Of the five Alzheimer’s disease drugs approved in the U.S., four (Razadyne?, Exelon?, Aricept?, and Cognex?) are inhibitors of cholinesterase, an enzyme that shuts down the activity of the neurotransmitter choline. Cholinesterase inhibitors are approved for mild to moderate Alzheimer’s. The fifth medication, Namenda?, is an antagonist of the N-methyl D-aspartate receptor which regulates glutamate, another neurotransmitter. None of these agents cure Alzheimer’s disease or significantly change the course of the disease. The best that some patients can expect is a delay in symptom progression and/or improvements in some memory and behavioral functions.
Enhancement of neurotransmitter activity is a logical approach to treating AD. However, there are problems with cholinesterase and glutamate-acting agents. The first is that they do not address the underlying pathology of Alzheimer’s, treating only the symptoms and not the disease. The second, related shortcoming is that the most responsive patients get worse. The positive benefits of drug treatment are, disappointingly, measured in weeks or at best, months. Alzheimer’s drugs also tend to be quite expensive, and organ toxicities are not uncommon.
Based on the chemical structure of cholesterol, Caprospinol is an entirely new anti-Alzheimer’s compound and works completely different than the currently approved neurotransmitter agents. Although the exact mechanism has not yet been elucidated, molecular modeling experiments suggest that Caprospinol inserts itself inside the folded structure of the beta-amyloid peptide, preventing amyloid molecules from joining together into the highly neurotoxic amyloid-derived diffusible ligands (ADDLs). It is this mechanism that researchers believe causes amyloid plaque wash out of the brain. Scientists also hypothesize that through binding, Caprospinol prevents ADDLs from entering neuronal mitochondria, the energy-producing structures in all living cells.

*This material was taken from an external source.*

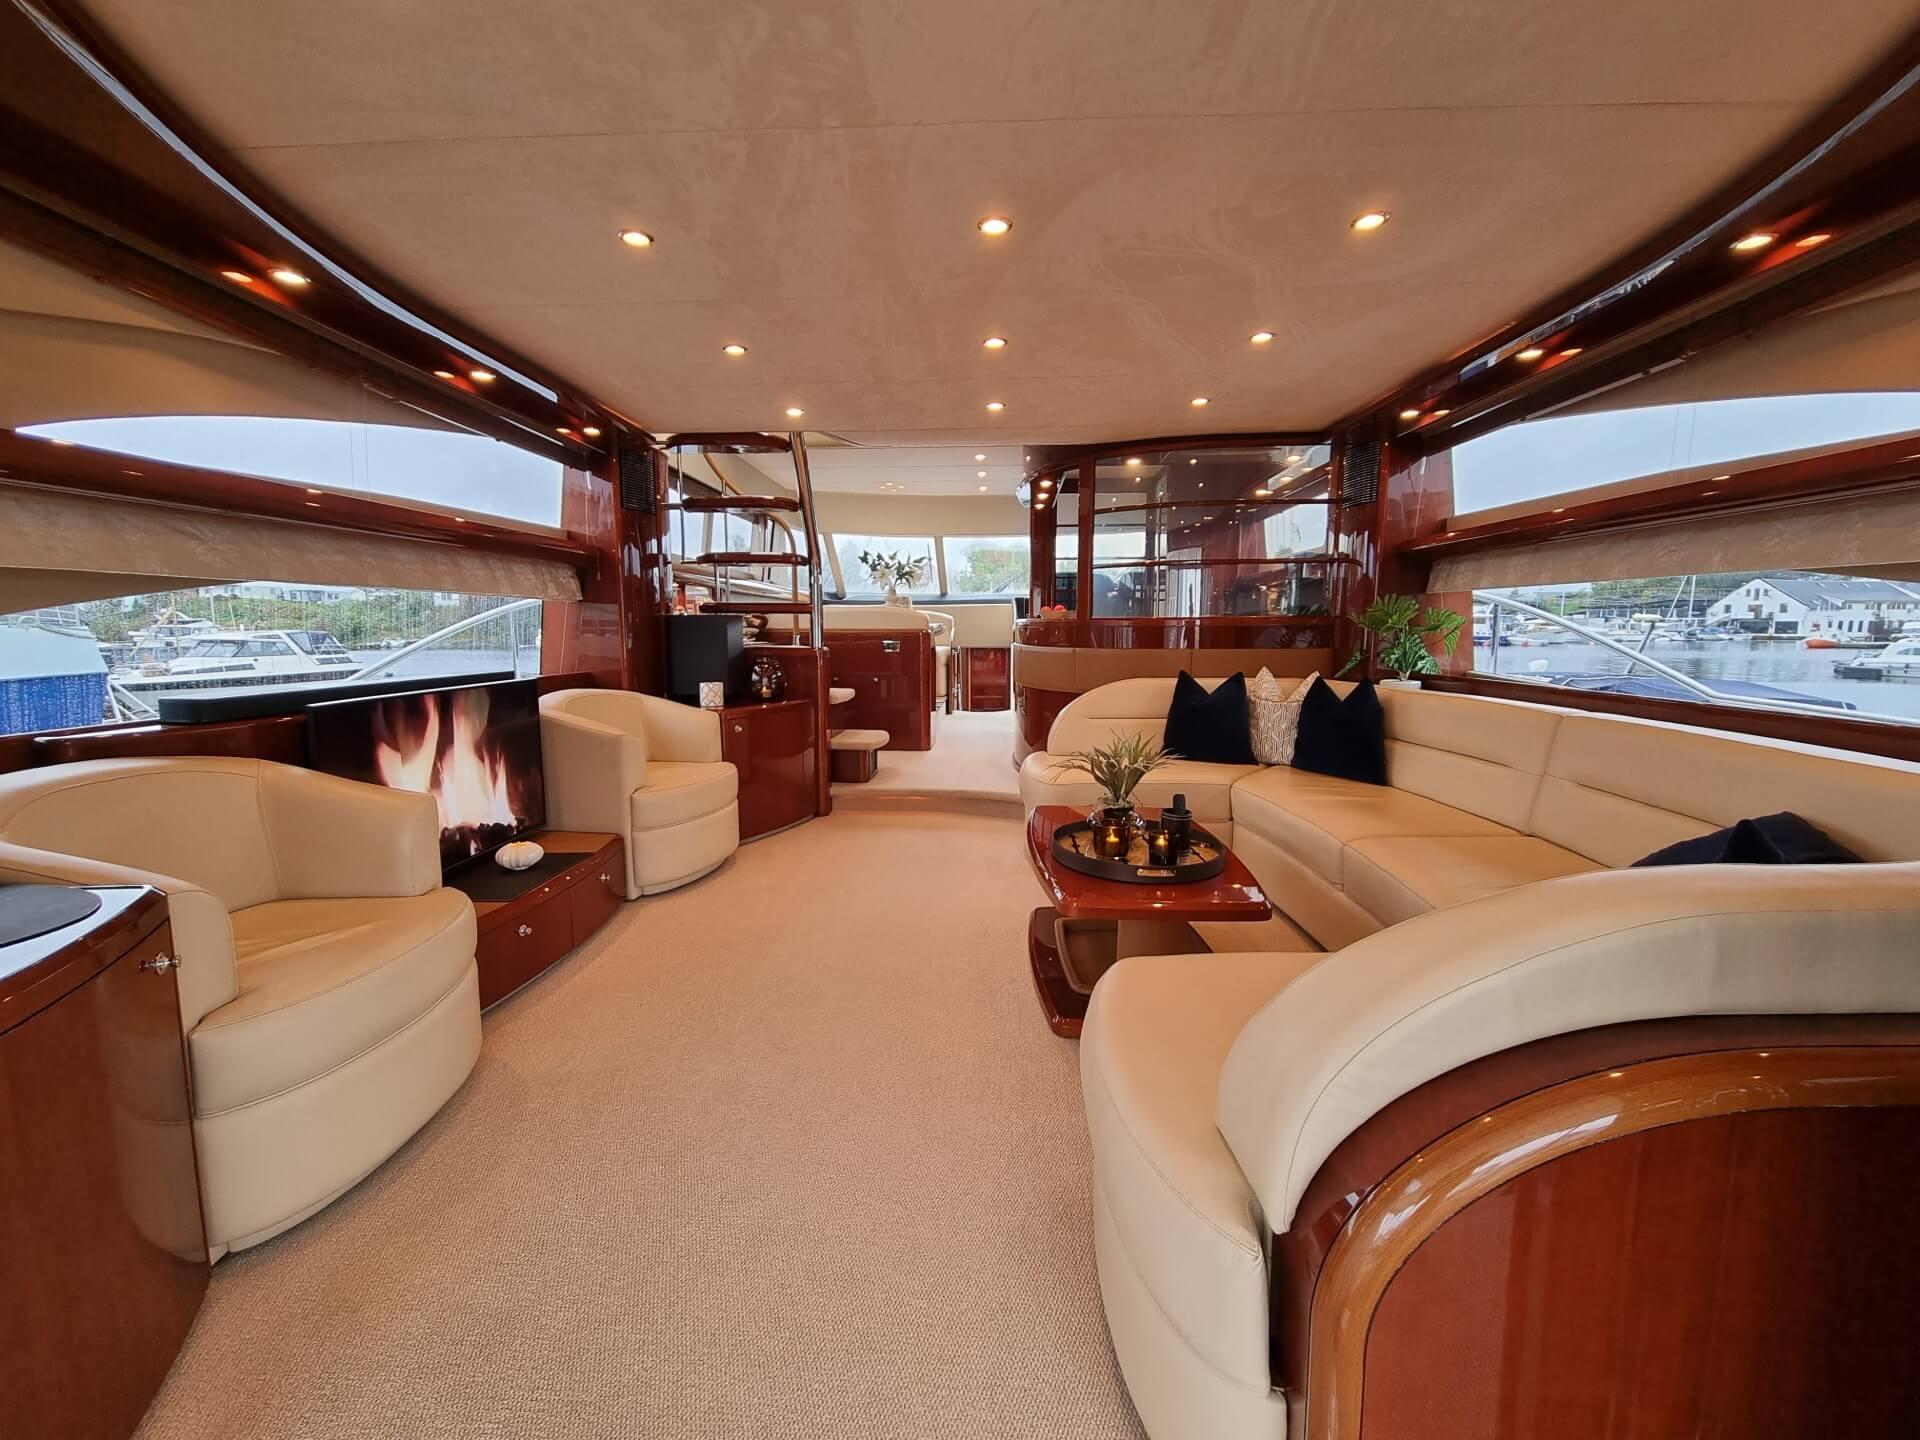 Flott interiør i BAROLO III - Private Cruise
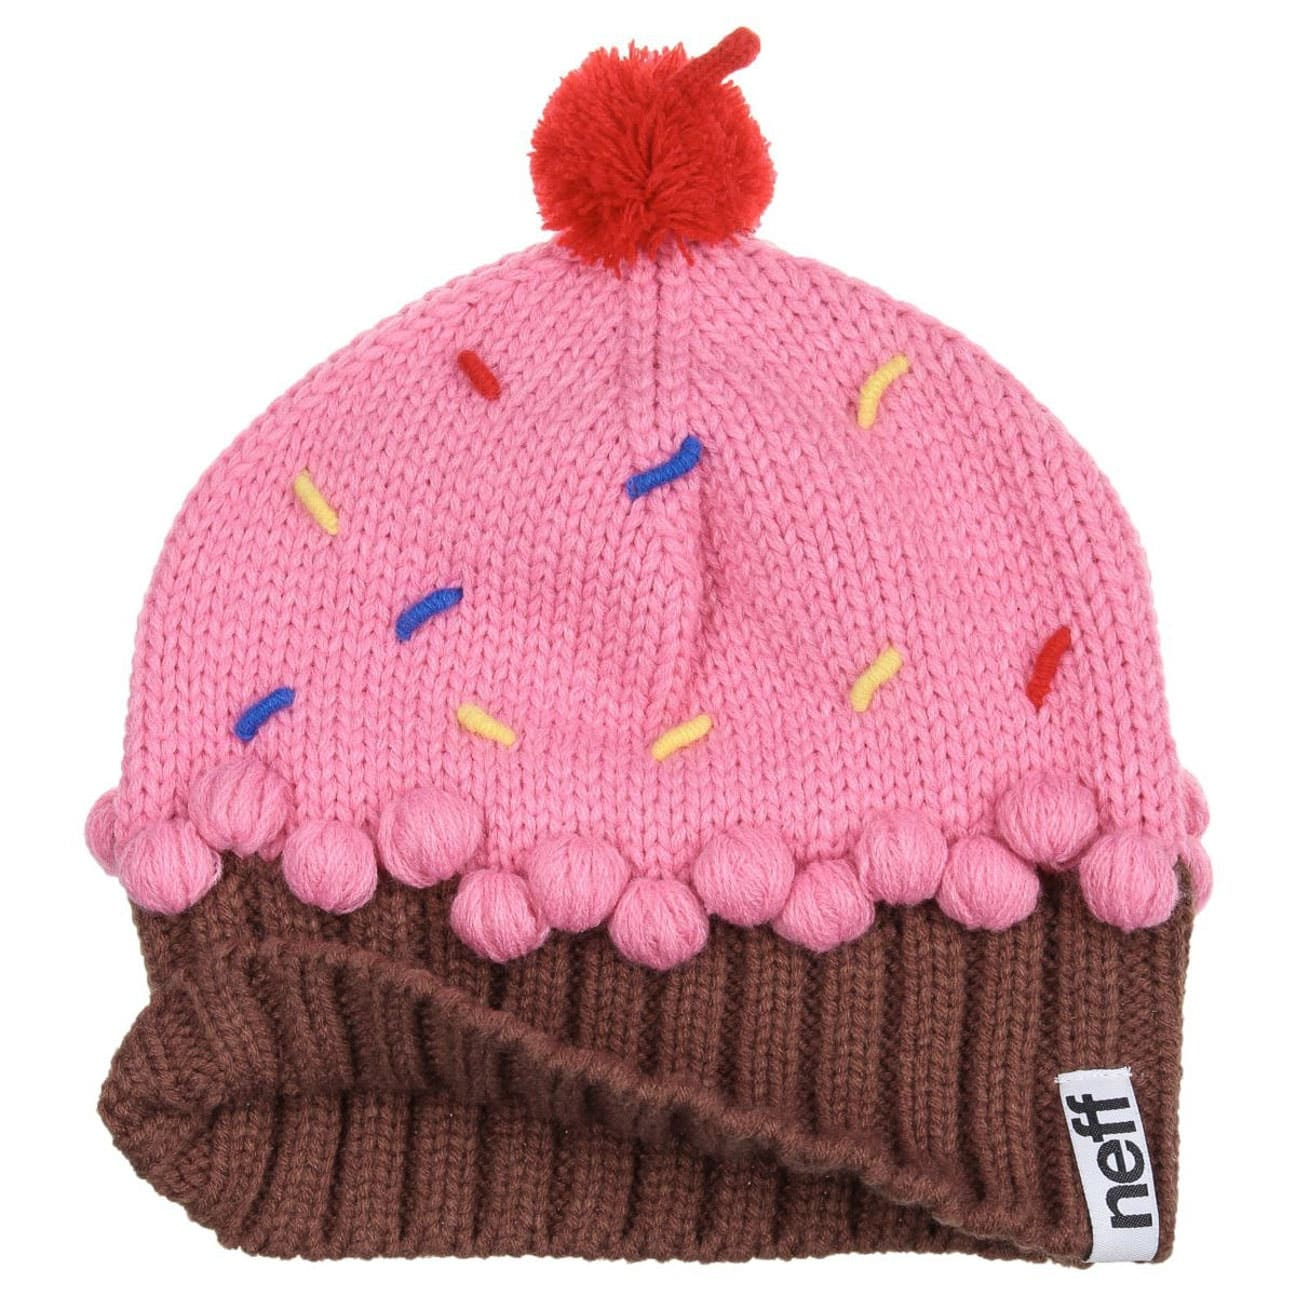 86111564b83 Cupcake Beanie by neff - rose 2 ...

Samaritan has recently received the go-ahead from the U.S. Food and Drug Administration to test Caprospinol on a small group of patients in a Phase I human safety trial. Thus far results from animal toxicology tests are extremely encouraging. No toxicity was observed in animal studies. Although it is a steroid, the drug does not appear to interfere with the body’s steroid receptors or liver function either. And since it does not affect with the cytochrome P450 enzyme system, investigators believe that SP-233 should cause no unanticipated interactions with other medications that Alzheimer’s patients are likely to be taking. Acting in the liver, the P450 enzymes are responsible for metabolizing and helping to eliminate drugs and other chemicals.
The Phase I trial on Caprospinol is expected to begin in Q2 2008.